As we approach the end of 2019, Baldrige Asset Management would like to provide you various ways to contribute to your favorite charities. The basics of the more common charitable giving strategies are summarized here:  

  • Gifting appreciated securities:
    • Tax-efficient strategy by gifting appreciated stock, ideally held long-term. You will save the capital gains tax for both federal and state taxes.
    • If you gift a large amount, or even multiple years’ worth of donations in one year, you also benefit from the tax savings on the amount that exceeds the standard deduction.
    • Gifting physical items or other appreciated property is another option.
  • Qualified Charitable Distribution:
    • If you are over the age of 70.5, you can gift up to $100,000 tax-free from your IRA annually, avoiding taxation at your standard income rate.
    • Add check writing to your IRA to send tax-free checks directly to qualified charities or sign one-off forms.
    • Read more details about this strategy here
  • Donor Advised Fund:
    • You contribute to a donor advised fund your charitable gift, after which you can make grants or distributions to various charities whenever you want.
    • Can “bunch” multiple years of donations at one time, which will allow you to both itemize over the standard deduction rate and avoid capital gains taxes.
    • Options are available at Schwab Charitable and Fidelity Charitable with their associated fees and investment tracks. Charitable accounts with balances over $250,000 can have Baldrige Asset Management oversee and choose the investments. Alternatives are available elsewhere if would like BAM oversight under that threshold. 
  • Private Foundation:
    • There are family, corporate, and other types of Private Foundations.
    • Foundations primarily make grants to public charities, although they sometimes conduct their own charitable activities.
    • Main benefits: the Foundation’s board maintains 100% control of the funds and goals of the Foundation, leaving a family or corporate legacy. 
    • Common downsides include recordkeeping, regulatory, and reporting requirements. 
  • Charitable Remainder Trust:
    • A gift of property, assets, or cash to an irrevocable trust.
    • Donor can receive an income stream from the trust for a set number of years or their lifetime if preferred.
    • Named charities receive the remaining assets at the end of the term. 

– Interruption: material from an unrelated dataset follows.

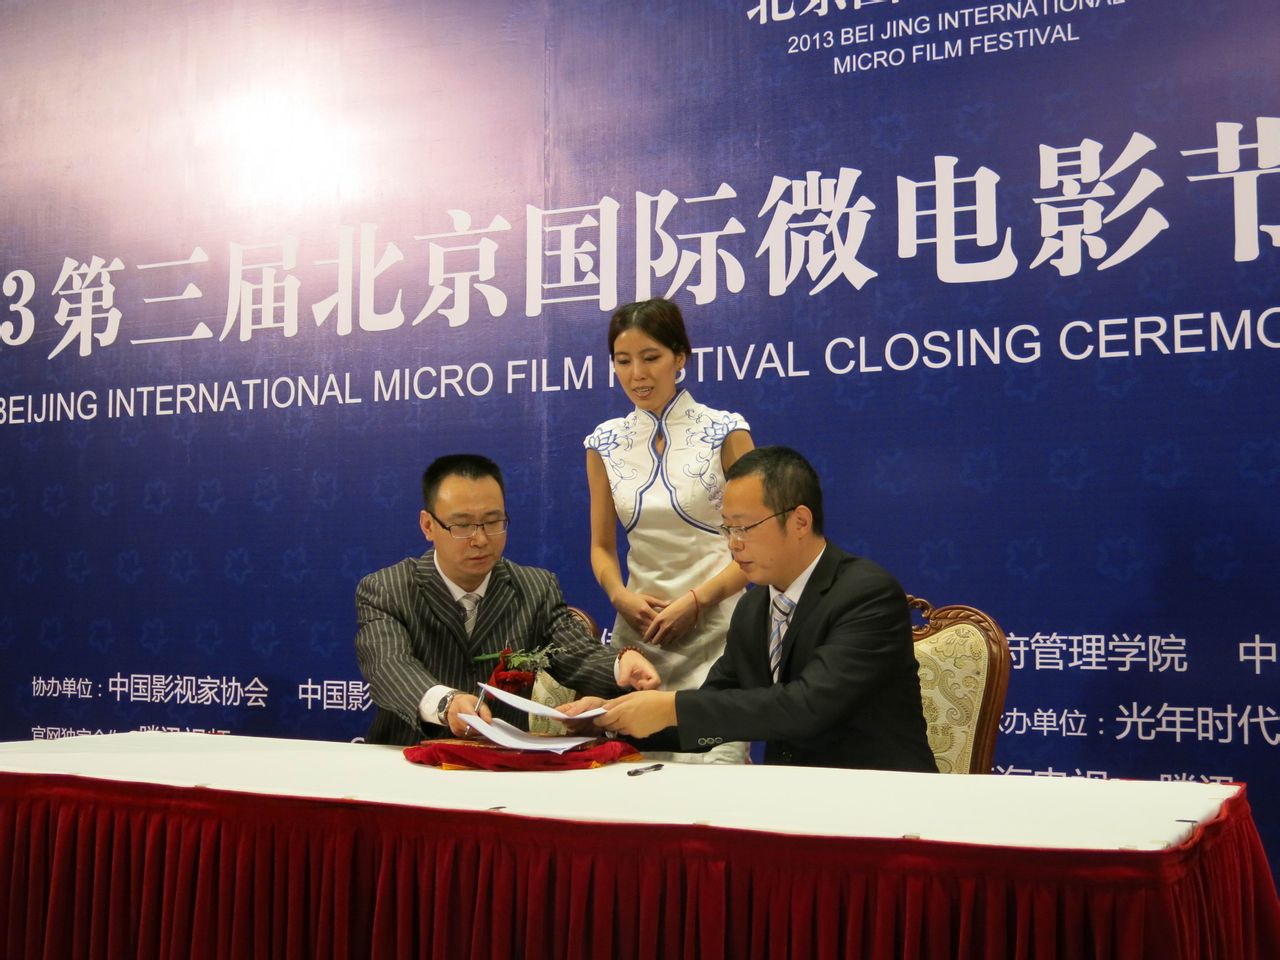 北京國際微電影節與北京國際著作權中心簽約

In Part II of this topic, we will be discussing factors to take into consideration when determining charitable giving strategies, including the most recent changes to tax laws. 

Until next time,Diana Lormand, FPQP™
Director of Client Services

Disclaimers 
Baldrige Asset Management LLC is registered as an investment adviser with the SEC and only conducts business in states where it is properly notice filed, or is excluded or exempted from registration requirements. Discussions on our blog do not involve the rendering of personalized investment advice, but are limited to the dissemination of general information. A professional advisor should be consulted before implementing any strategy that may be suggested. SEC registration does not constitute an endorsement of the firm by the Commission nor does it indicate that the adviser has attained a particular level of skill or ability.